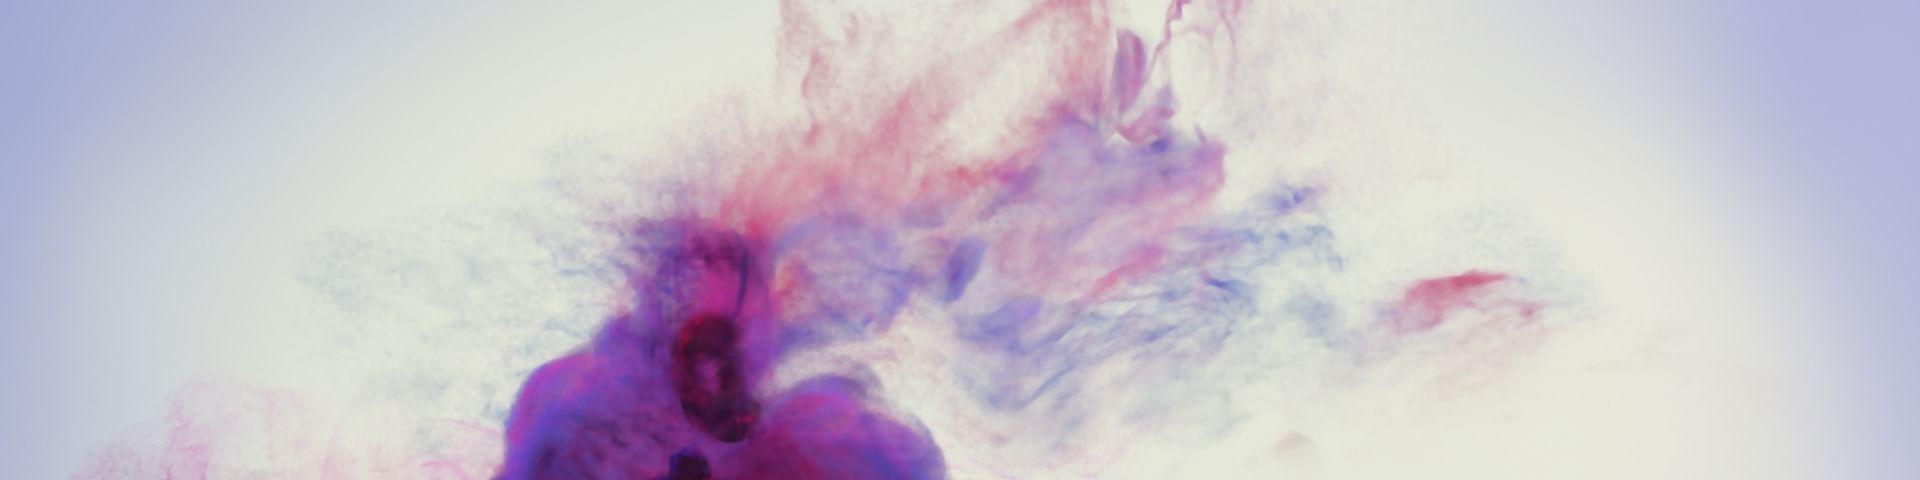 Martin Scorsese et Cannes
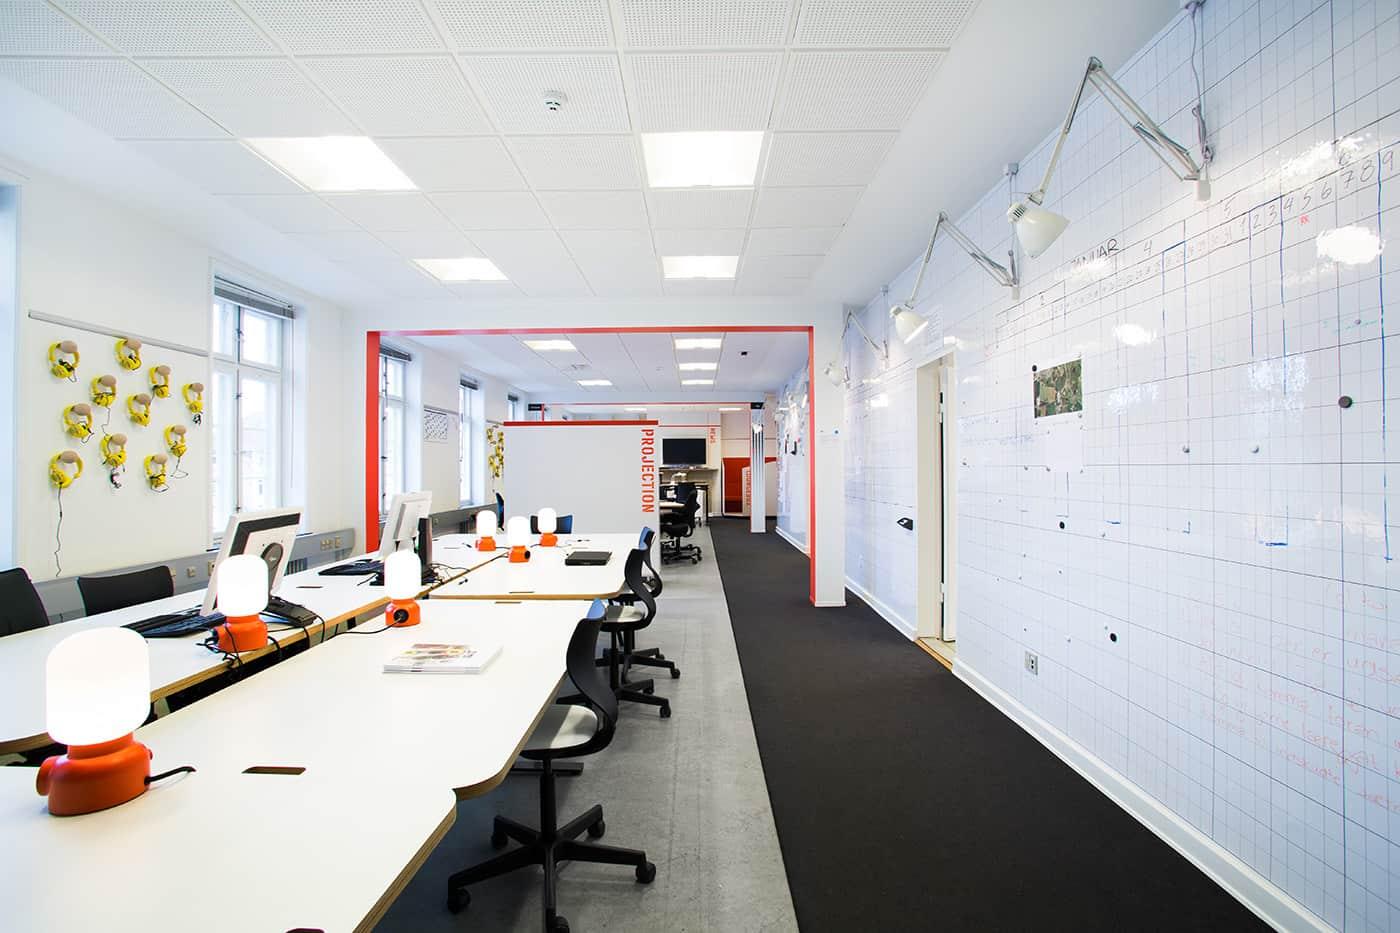 RITAarch, indretning, spaceplanning, kontorindretning, åbentkontor, specialinventar, specialdesign, Nyt hospital Nordsjælland projekthus
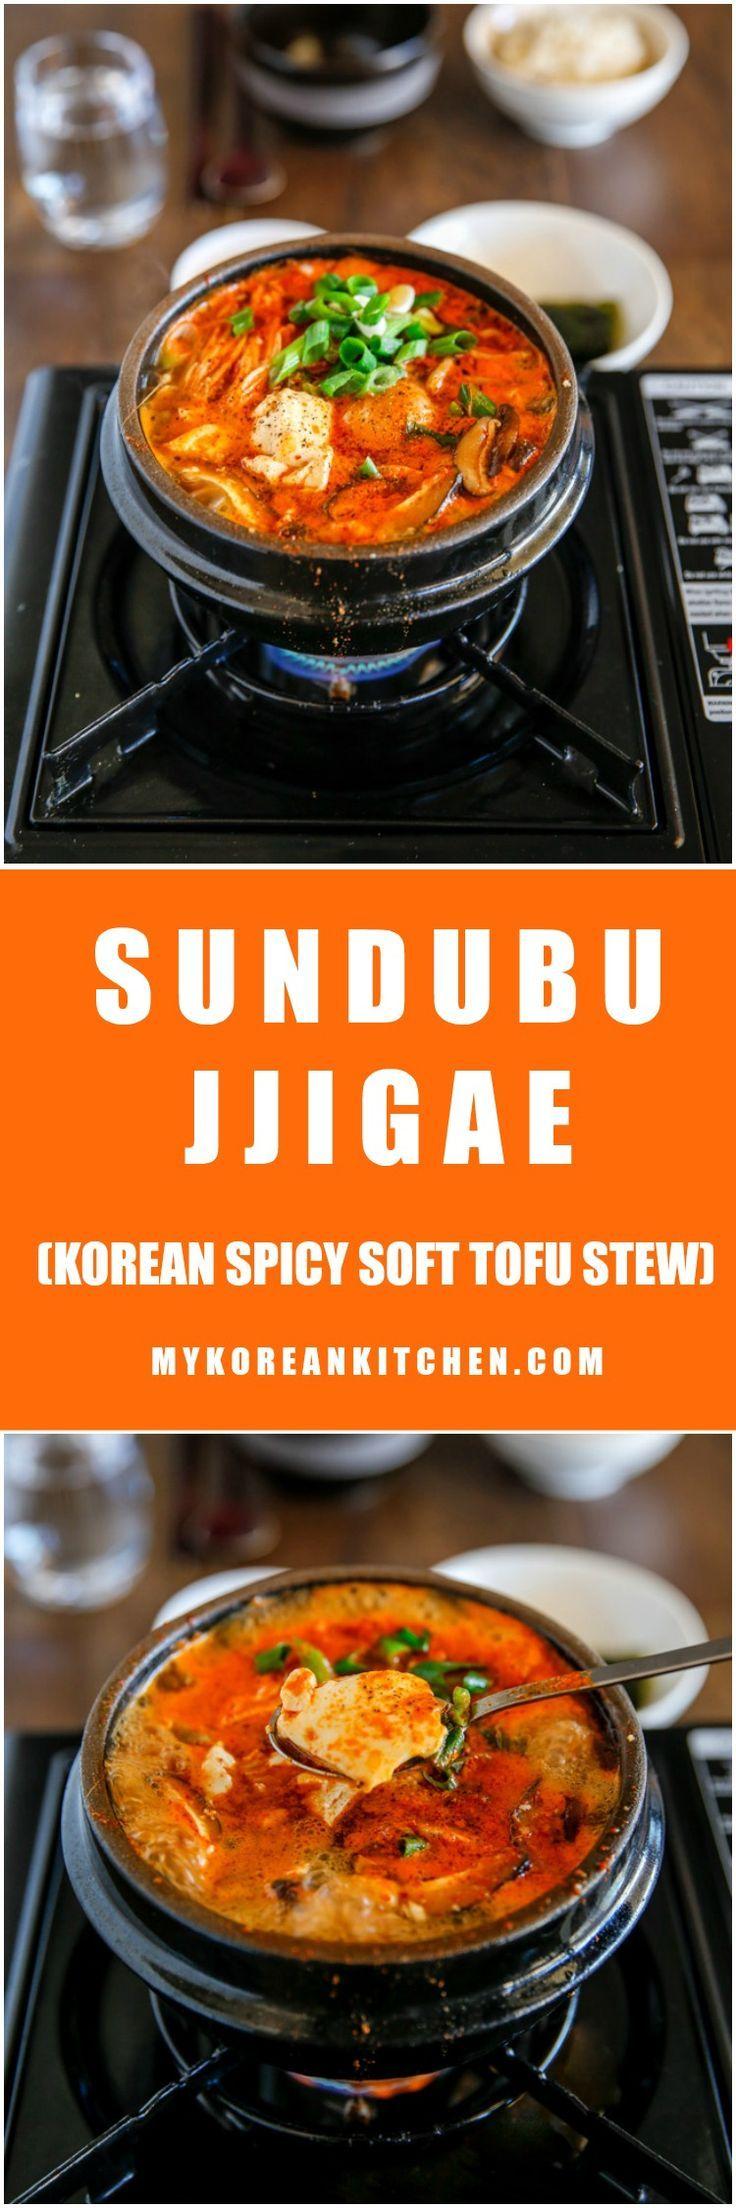 835 best korean recipes images on pinterest cooking food korean sundubu jjigae korean spicy soft tofu stew korean kitchenkorean cuisinekorean food recipesspicy tofu recipesvegetarian forumfinder Images
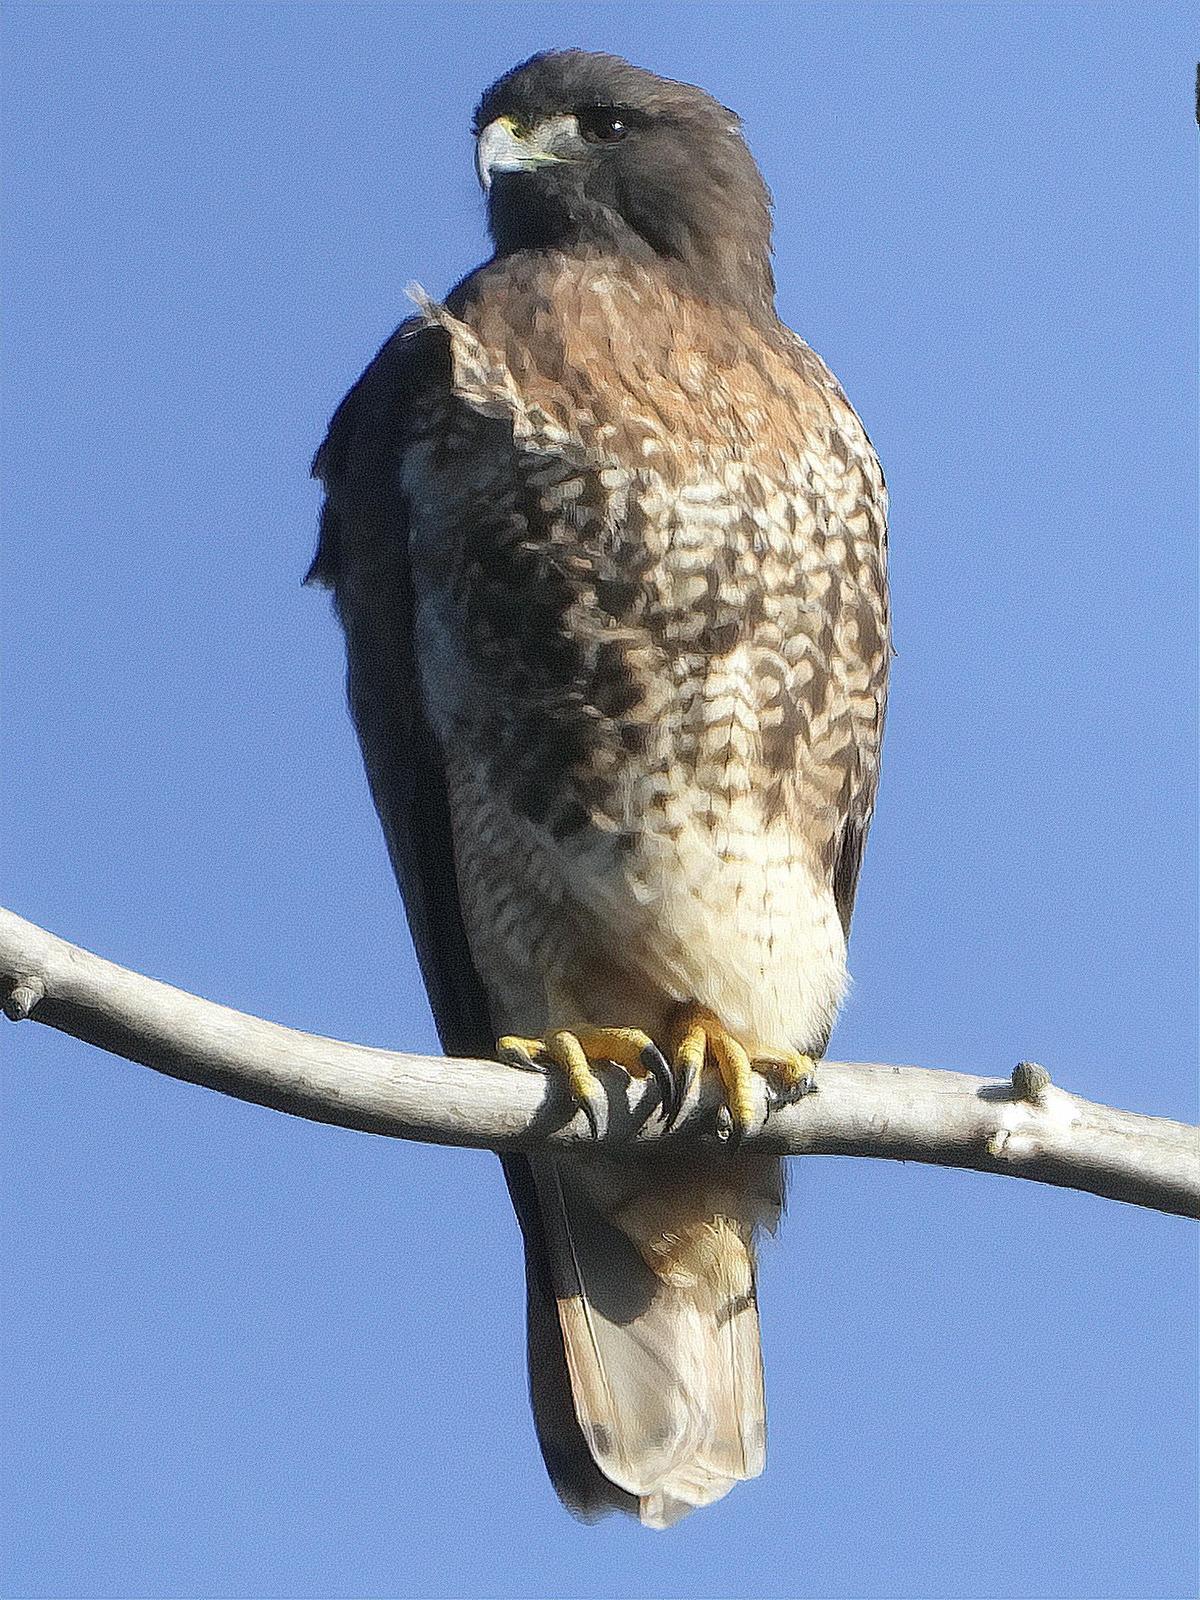 Red-tailed Hawk (calurus/alascensis) Photo by Dan Tallman

PROBLEM DETAILS:
Setting the pictures aside, return exactly the lines from the line with "835 best korean" through the last line of the listing above.

TASK ANSWER:
 835 best korean recipes images on pinterest cooking food korean sundubu jjigae korean spicy soft tofu stew korean kitchenkorean cuisinekorean food recipesspicy tofu recipesvegetarian forumfinder Images
 Red-tailed Hawk (calurus/alascensis) Photo by Dan Tallman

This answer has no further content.